■ **REQUIRED WORK**
Restate the listing below word for word, and leave its pictures behind.

■ **RECORDED DATA**
-- Opening Marker --
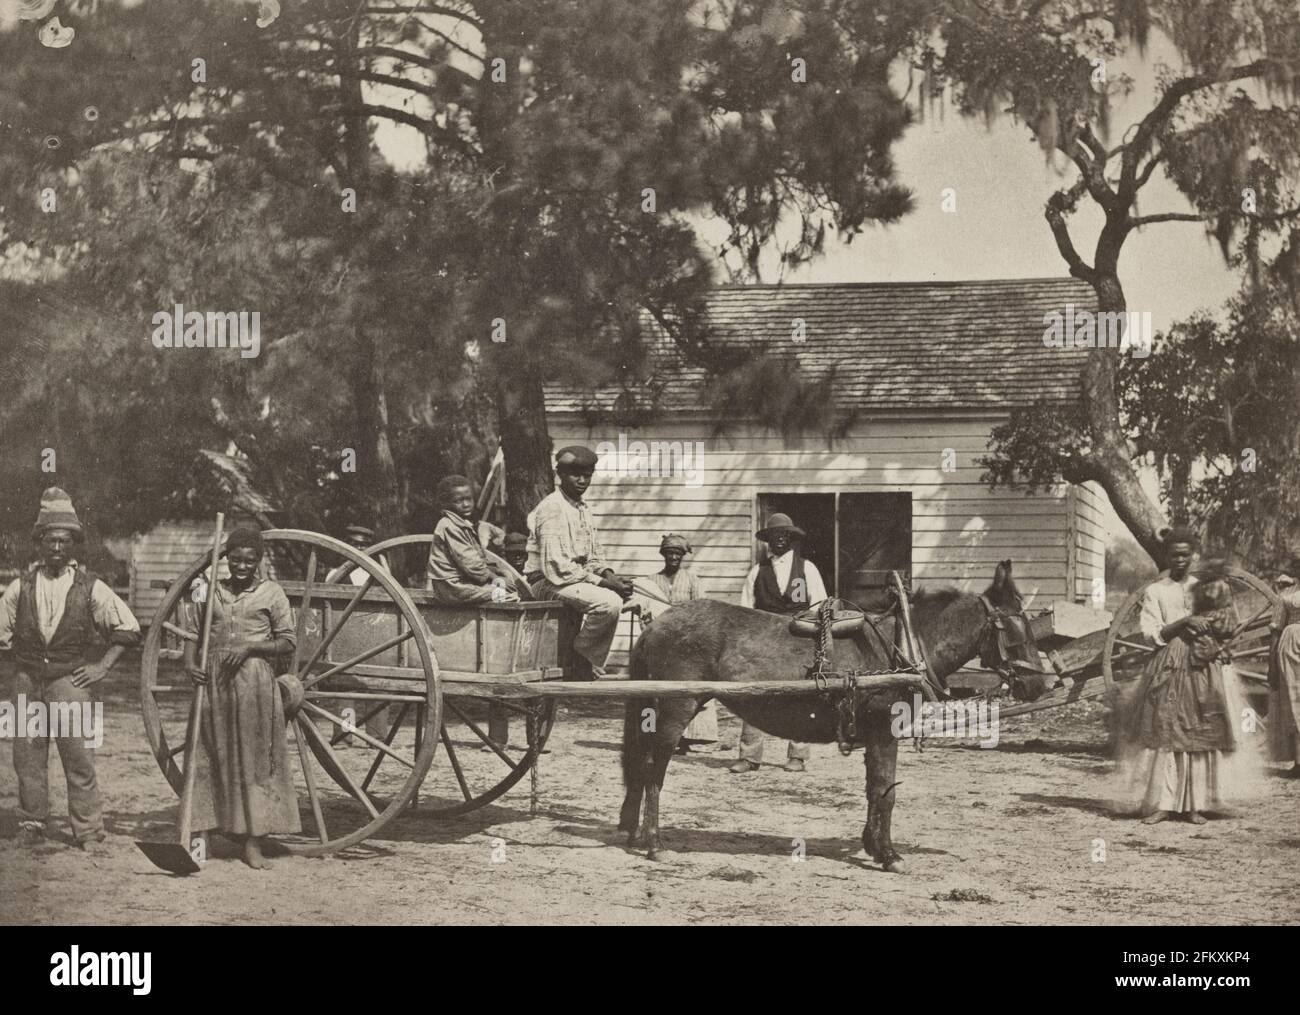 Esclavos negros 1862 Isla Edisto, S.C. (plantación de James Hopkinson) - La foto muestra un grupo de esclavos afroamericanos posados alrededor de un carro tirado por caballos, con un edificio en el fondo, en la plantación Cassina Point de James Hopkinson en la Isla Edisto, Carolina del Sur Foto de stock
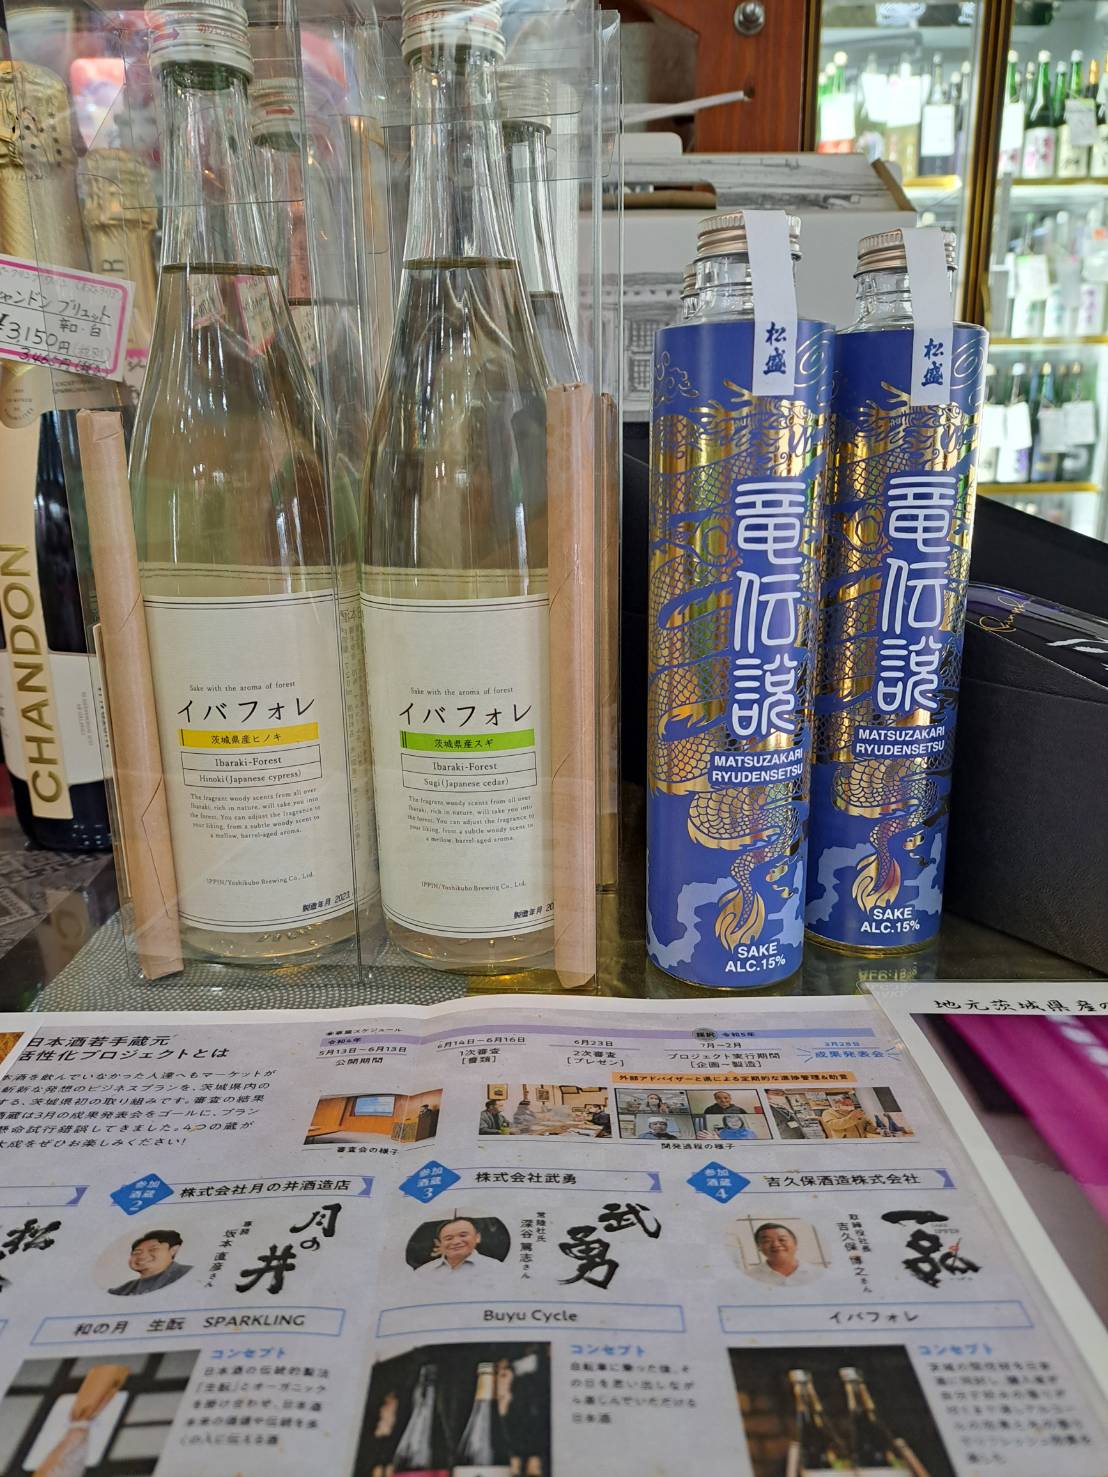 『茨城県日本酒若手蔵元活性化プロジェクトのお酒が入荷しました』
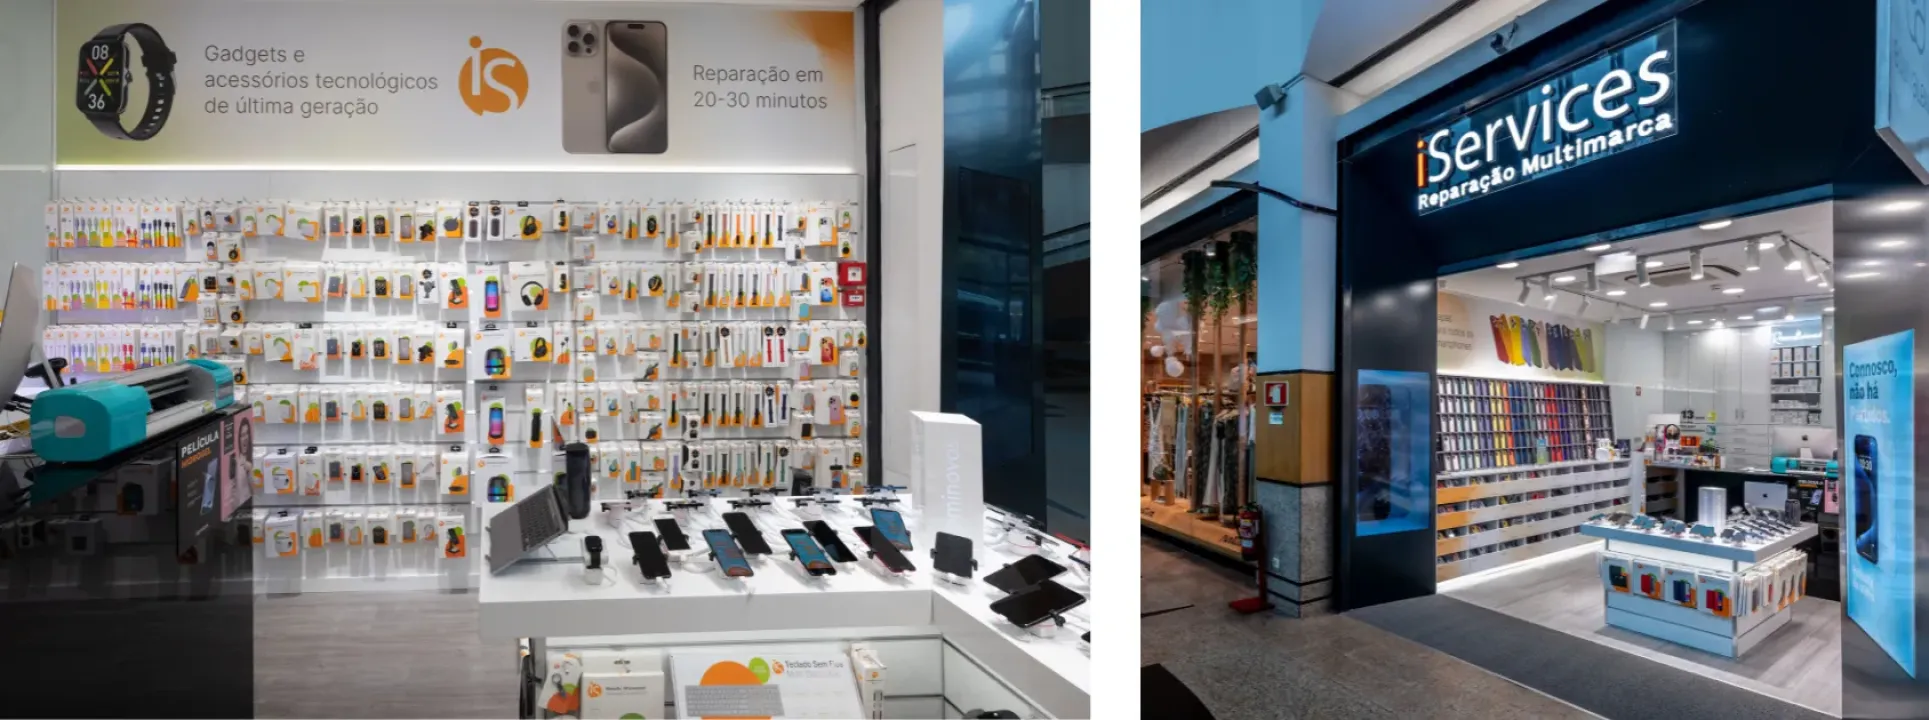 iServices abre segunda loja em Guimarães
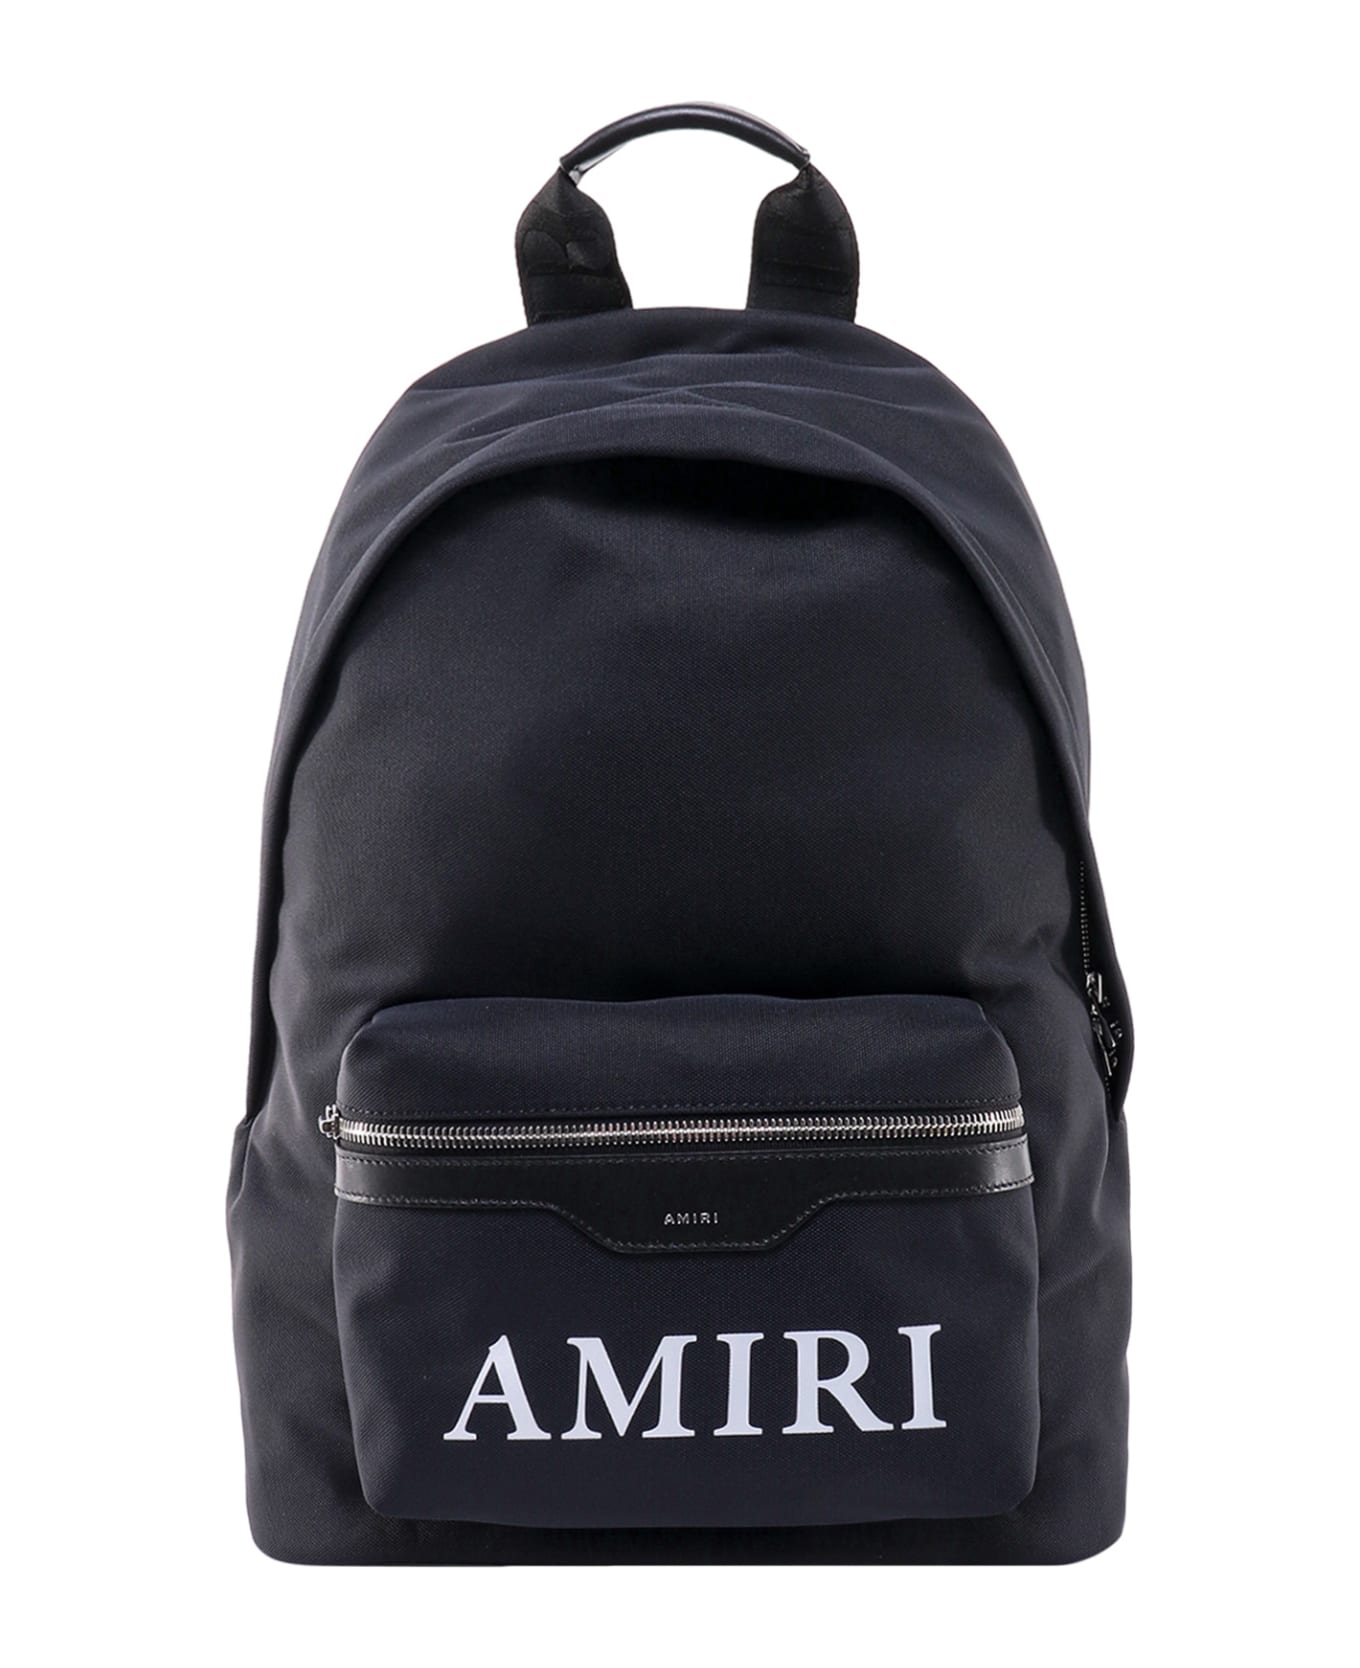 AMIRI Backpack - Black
-- Closing Marker --
■ **ANSWER AREA**
 Esclavos negros 1862 Isla Edisto, S.C. (plantación de James Hopkinson) - La foto muestra un grupo de esclavos afroamericanos posados alrededor de un carro tirado por caballos, con un edificio en el fondo, en la plantación Cassina Point de James Hopkinson en la Isla Edisto, Carolina del Sur Foto de stock
 『茨城県日本酒若手蔵元活性化プロジェクトのお酒が入荷しました』
 iServices abre segunda loja em Guimarães
 AMIRI Backpack - Black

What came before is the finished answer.